§ Data provided:
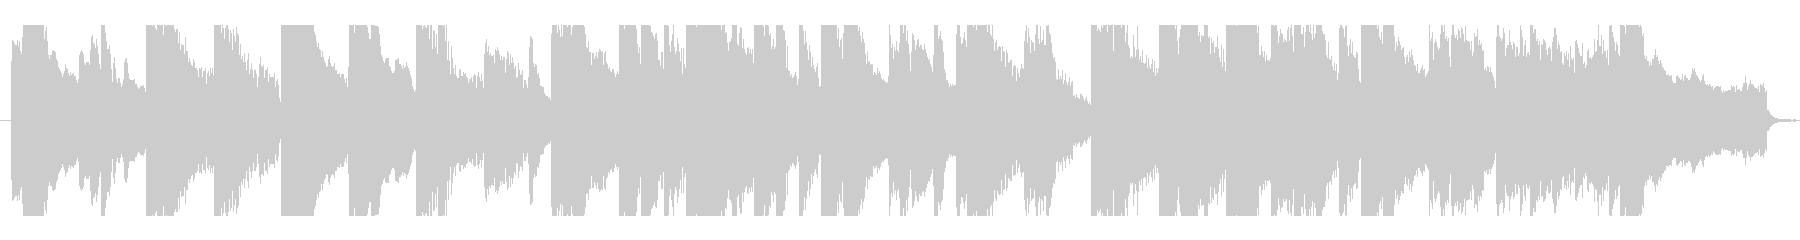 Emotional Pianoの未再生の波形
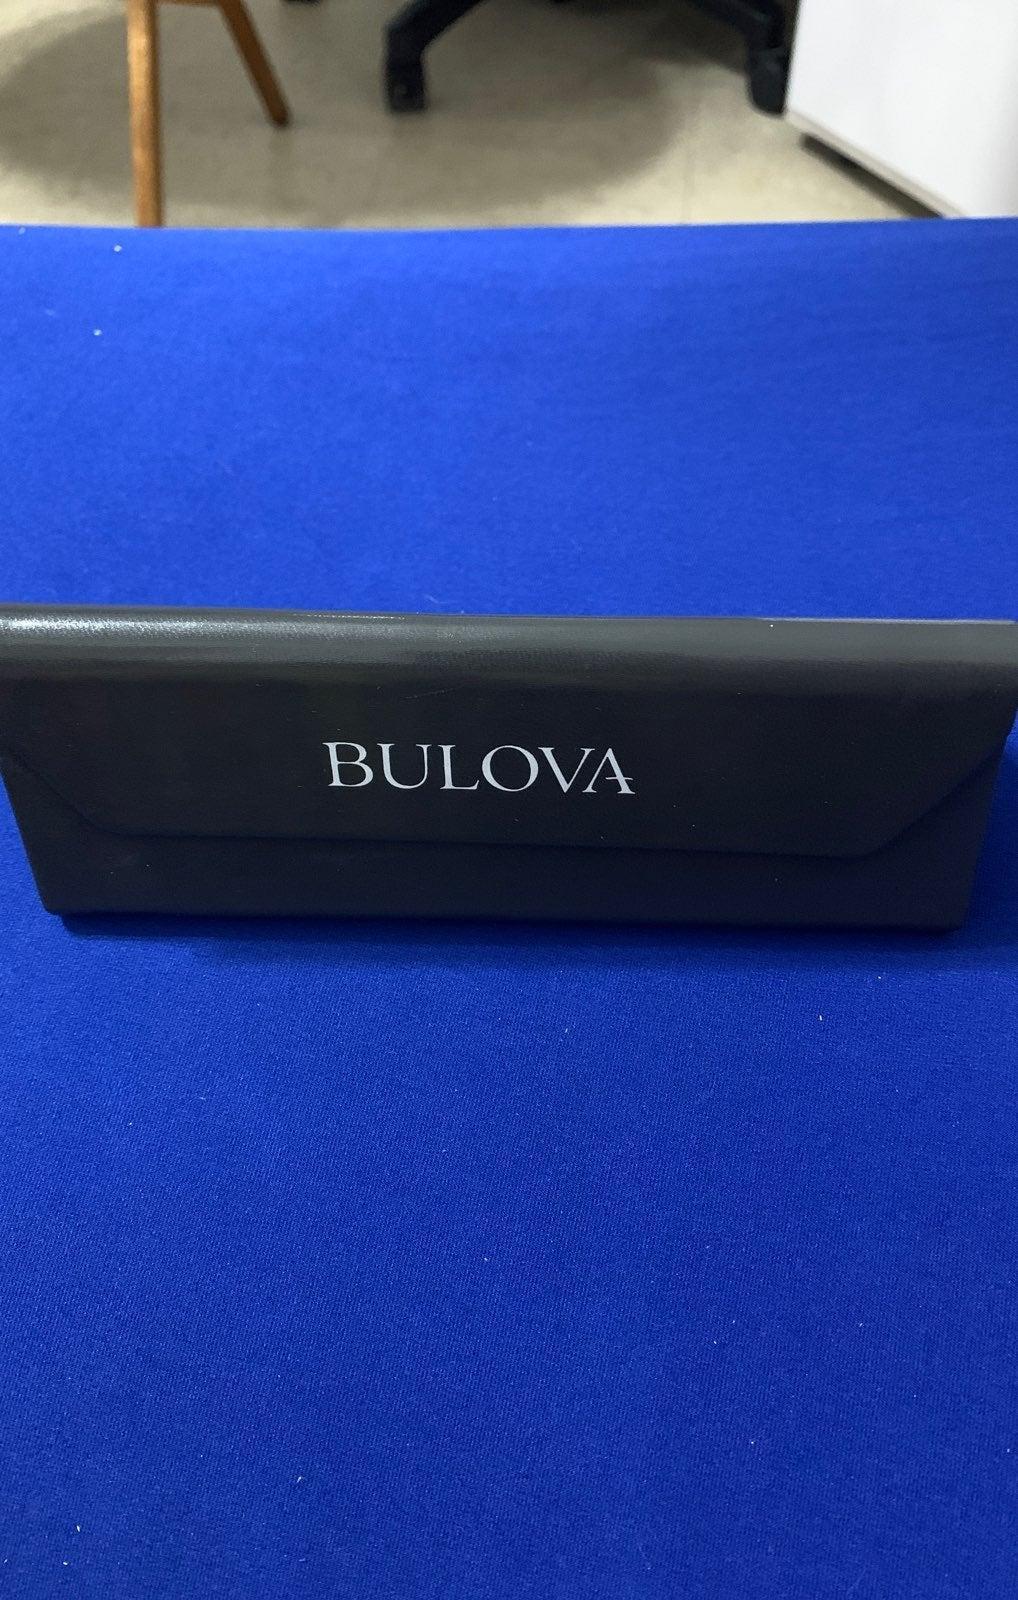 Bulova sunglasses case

* * *

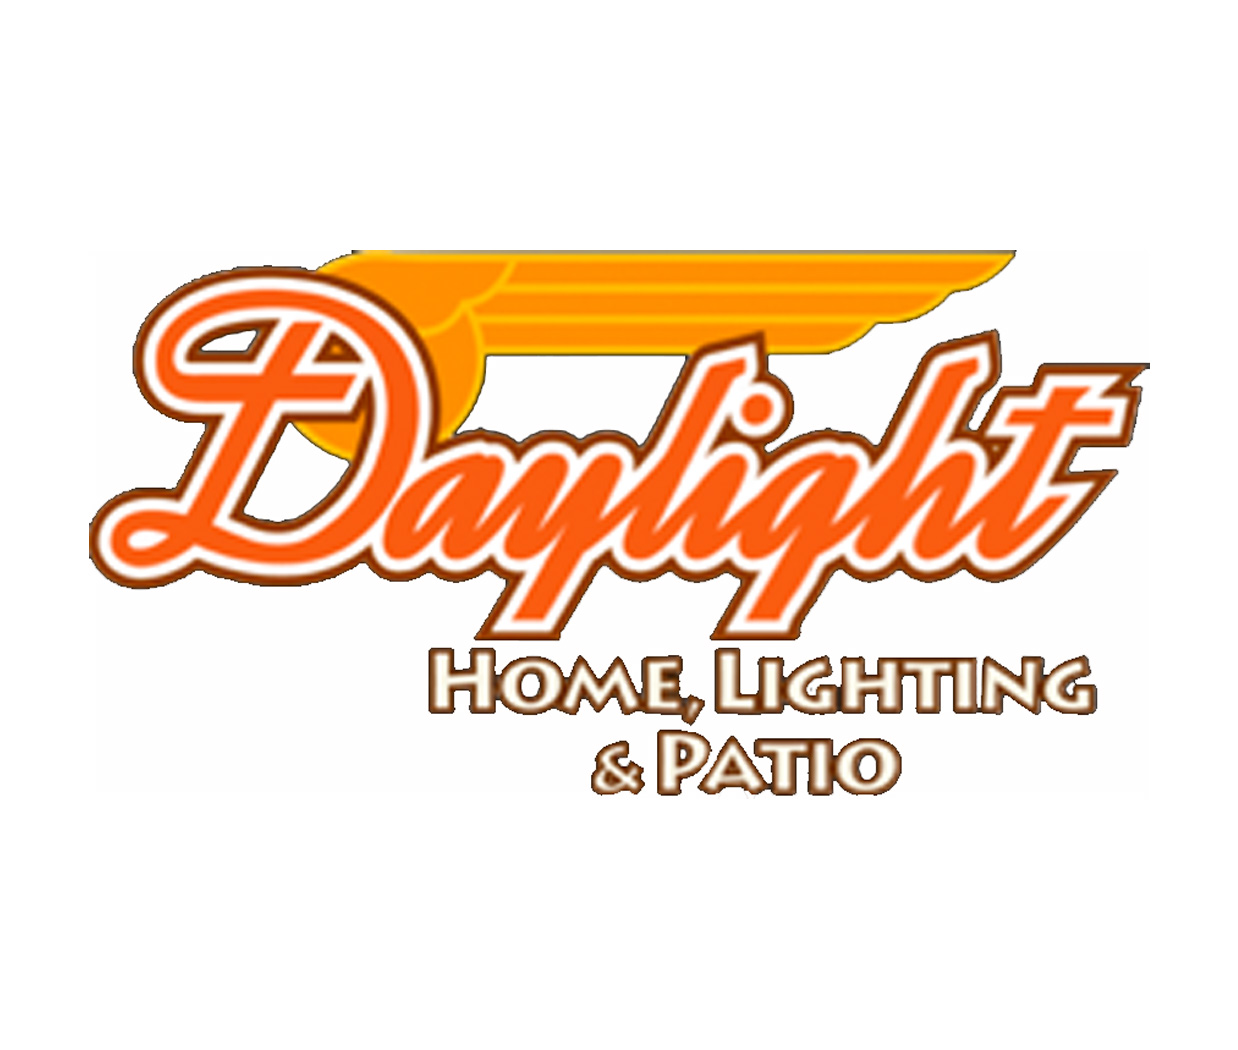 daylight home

§ Assigned task: Every line above in the stretch from the one with "Emotional Pianoの未再生の波形" through the one with "Bulova sunglasses case" is to be transcribed exactly, ends included. No picture is copied.

§ Result of this task:
 Emotional Pianoの未再生の波形
 Bulova sunglasses case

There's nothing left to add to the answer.